* [Exercise requirements]: Make an exact copy of the whole listing, but leave its pictures out.

* [Exercise data]:

*-*-*

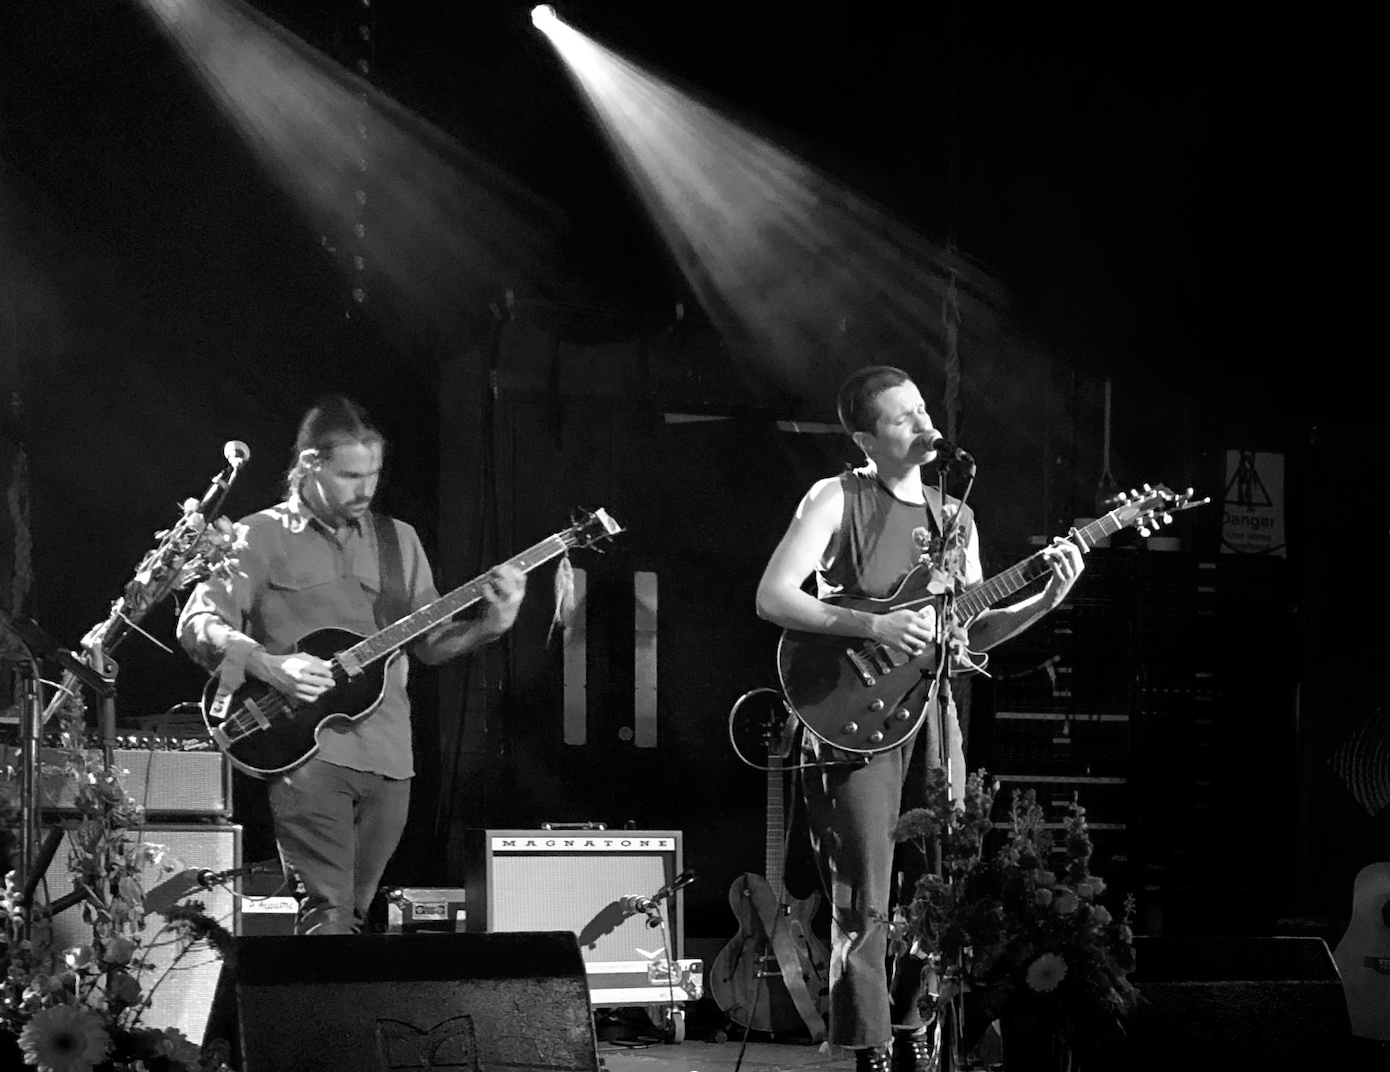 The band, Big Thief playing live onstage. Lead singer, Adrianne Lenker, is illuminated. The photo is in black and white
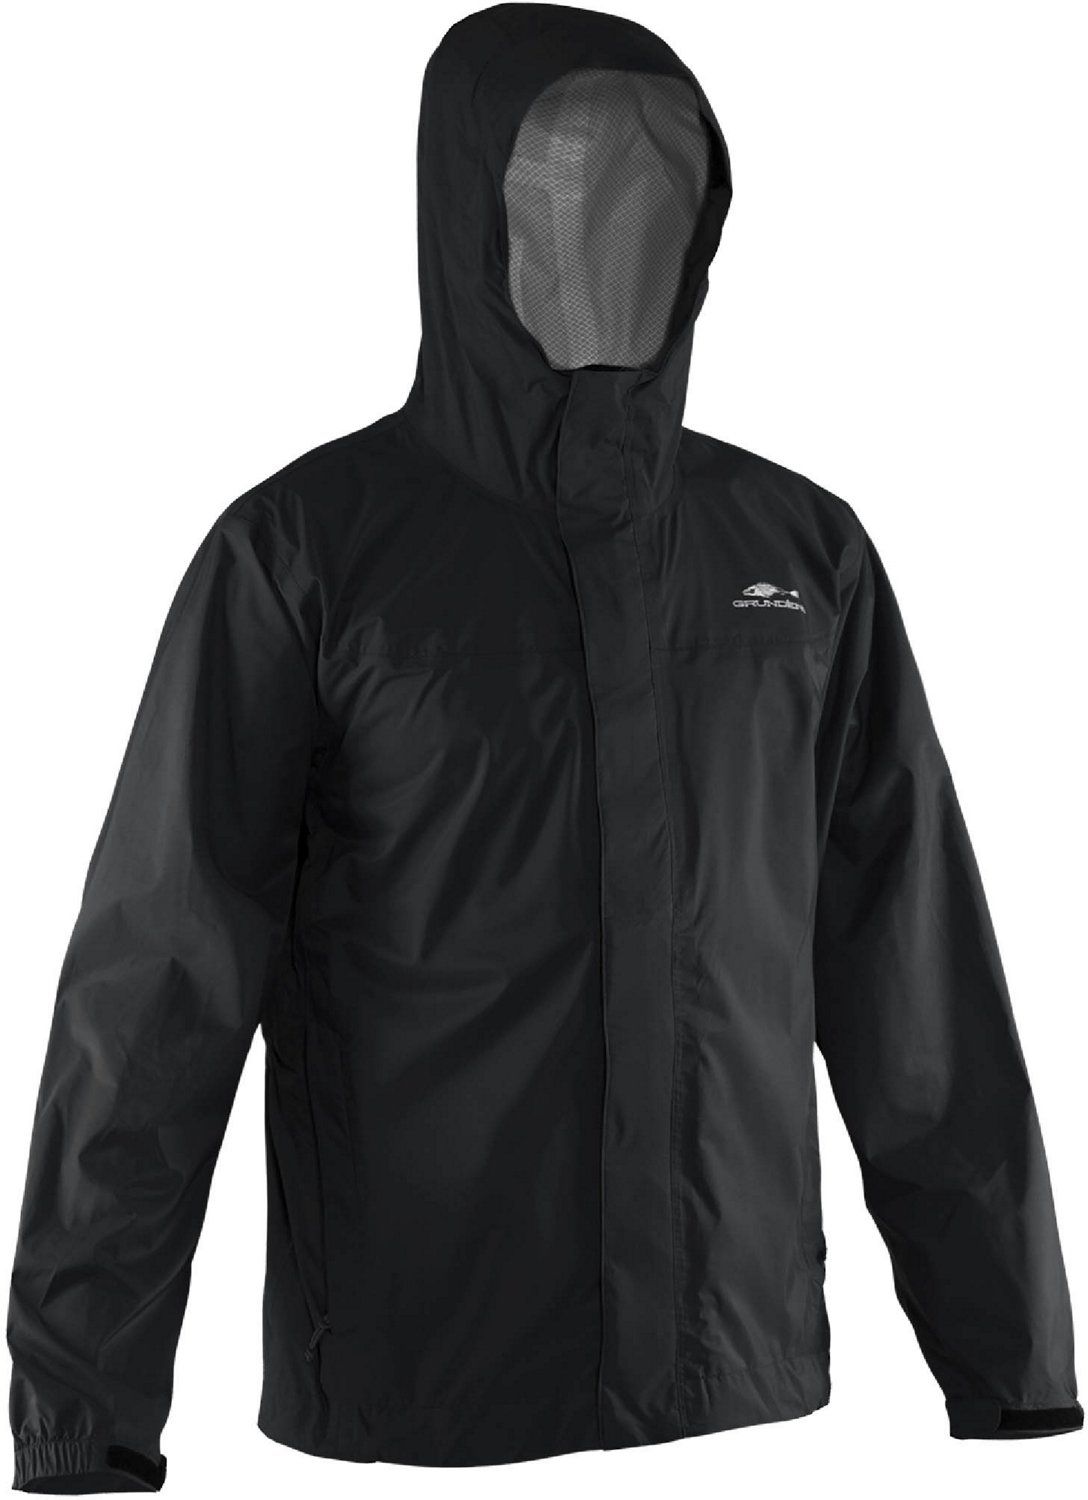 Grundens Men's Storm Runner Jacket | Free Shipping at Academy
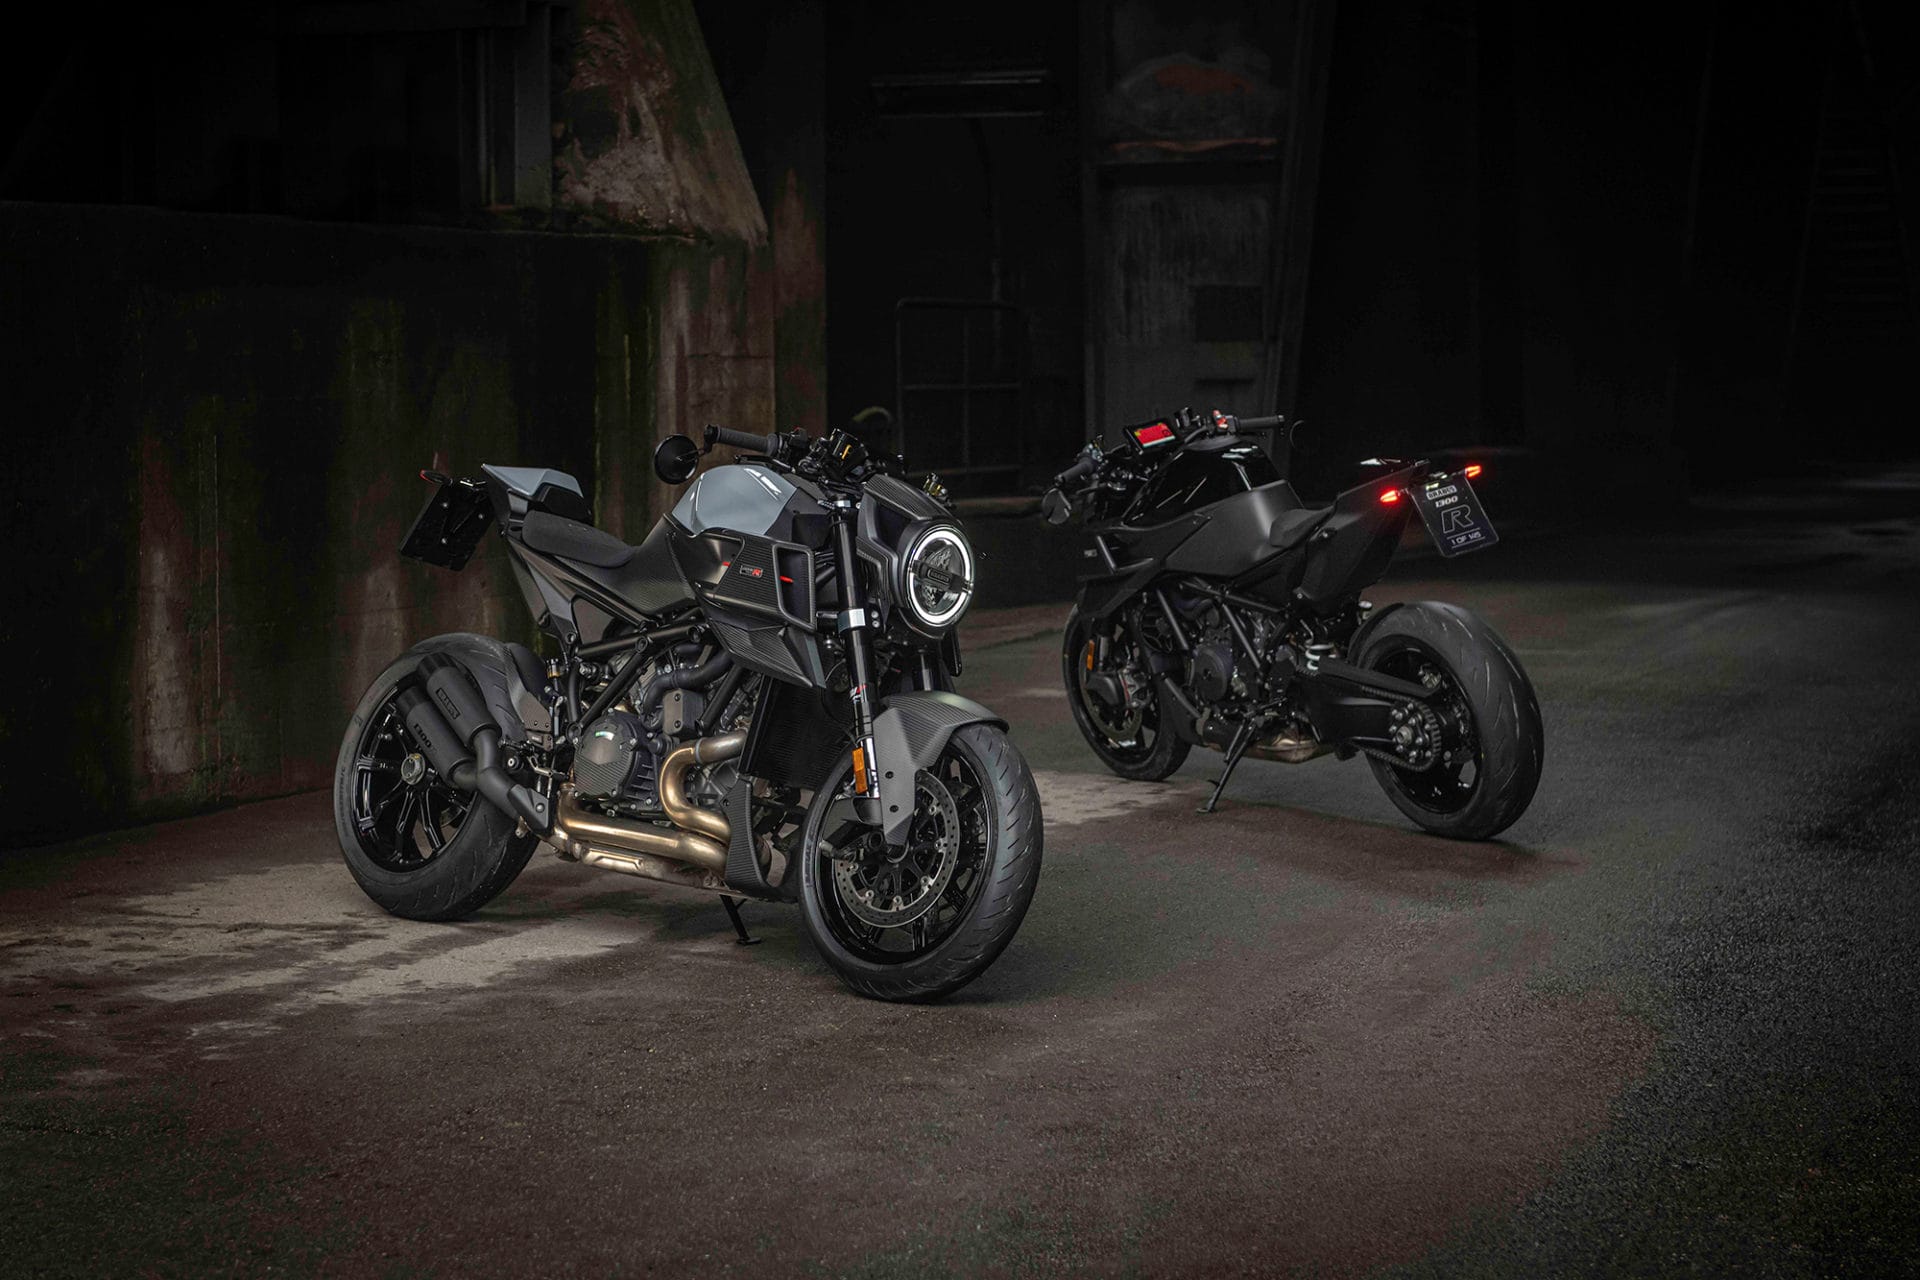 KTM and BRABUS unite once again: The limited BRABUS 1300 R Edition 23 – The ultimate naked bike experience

*-*-*

* [Output of the task]:
 The band, Big Thief playing live onstage. Lead singer, Adrianne Lenker, is illuminated. The photo is in black and white
 Grundens Men's Storm Runner Jacket | Free Shipping at Academy
 KTM and BRABUS unite once again: The limited BRABUS 1300 R Edition 23 – The ultimate naked bike experience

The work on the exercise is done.